Leo otro informe según el cual Madrid y su entorno se están convirtiendo en polo de atracción de una migración interior que está vaciando a ritmo acelerado las comunidades limítrofes, esa España del interior que estos días me empeño en recorrer. Y esto, claro, tiene mucho que ver con el planteamiento y desarrollo de esta campaña: es muy difícil, como me decía mi interlocutor gallego, no ya lanzar mensajes uniformes para todo el territorio nacional, sino incluso hacerlo para todos los municipios de una misma Comunidad. La riqueza de ser diferente en España se está convirtiendo en el vértigo del caos.

Y no lo digo por lo que está sucediendo en una cada vez moralmente más distante Cataluña, o por los a veces esotéricos planteamientos del nacionalismo vasco a la hora de teorizar sobre su integración en el Estado: lo digo porque viajas para presentar el mismo libro de Ourense a Palencia, pongamos por caso, y te da la sensación de que hablas para públicos muy diferentes, con problemas muy distintos y hasta distantes, incluso cuando se trata de gentes de edades similares y de procedencia social más o menos parecida. Pero ¿estamos en el mismo país?, te llegas a interrogar algunas veces.
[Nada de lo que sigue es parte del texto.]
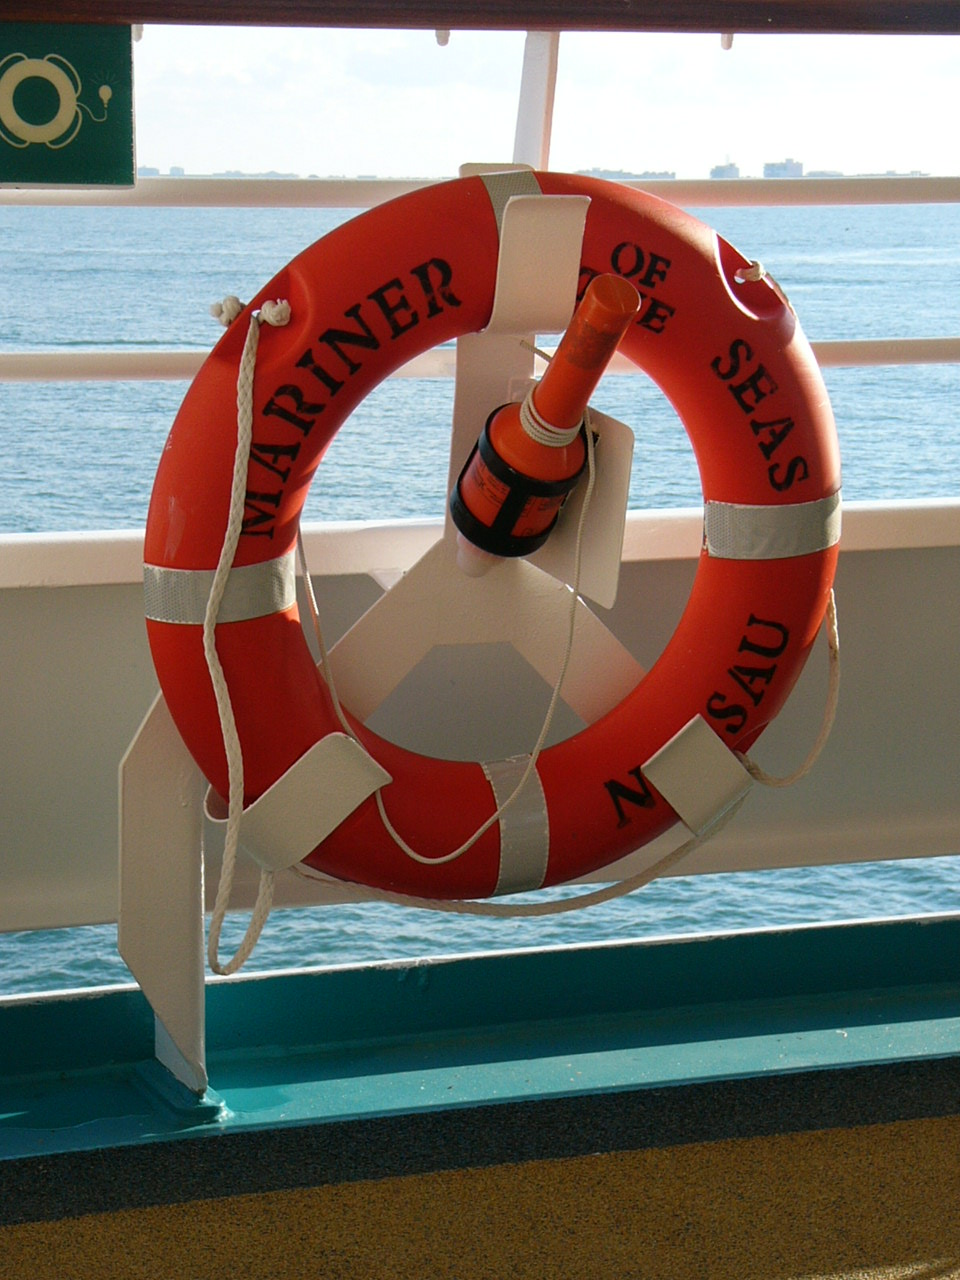 Lifebuoy Wikipedia

Y así, claro, las dificultades para elaborar programas: recuerdo el hundimiento electoral de un partido que basó su campaña en prometer "alquileres por quinientas pesetas". Ya entonces, corrían los finales de los años ochenta, la propuesta fue un escándalo: en unos sitios, esas quinientas pesetas eran un regalo de los dioses, pero en otros resultaba un precio escandaloso. Ahora, las diferencias territoriales han aumentado y tengo para mí que la unificación de las ofertas electorales, más allá de lo que signifique profundización de la democracia (tema crucial que no interesa demasiado ni a los partidos ni, me temo, a los electores), se vuelve imposible en una nación con diecisiete parlamentos regionales y diecisiete baronías autonómicas que moralmente comienzan a asemejarse a reinos de taifas.

No sé donde quedaron las propuestas audaces de reconsiderar a fondo la financiación territorial, ni los intentos de reforma de las administraciones central, autonómica y local, ni las pretensiones de reformar la normativa electoral para aproximar los territorios a la proporcionalidad política. Tampoco me parece haber escuchado nuevas inquietudes, con nuevos planteamientos, para homogeneizar la población en los muy diversos territorios, para poblar la España vacía aunque fuese, por qué no, con inmigrantes.

De momento, España sigue siendo, más o menos como antes, ese país peculiar con diecisiete leyes de caza diferentes y donde la calidad de los ataúdes varía por ley si te mueres en un sitio u otro. Y no he visto que ni Sánchez, ni Casado, ni Rivera, ni Iglesias ni el emergente Errejón, o, ya que estamos, Abascal y sus voxeros, tan preocupados ellos por negar la violencia de género, hayan hincado el diente en tan complicados fenómenos. Pero resulta que esto es España, señores y, si no estuvieran tan atareados recibiendo aplausos de los propios y convencidos en los mítines, y se dedicasen a hablar más con esa buena gente de las calles, indagando por sus inquietudes, carencias y aspiraciones, quizá lo comprenderían. Como decía Unamuno, hoy cinematográficamente tan de moda, el carlismo se cura viajando... lo mismo que el egocentrismo de nuestros políticos se curaría recorriendo el territorio nacional más allá del fugaz mitineo, tan satisfactorio con los vítores de los propios y el ignorar a los ajenos.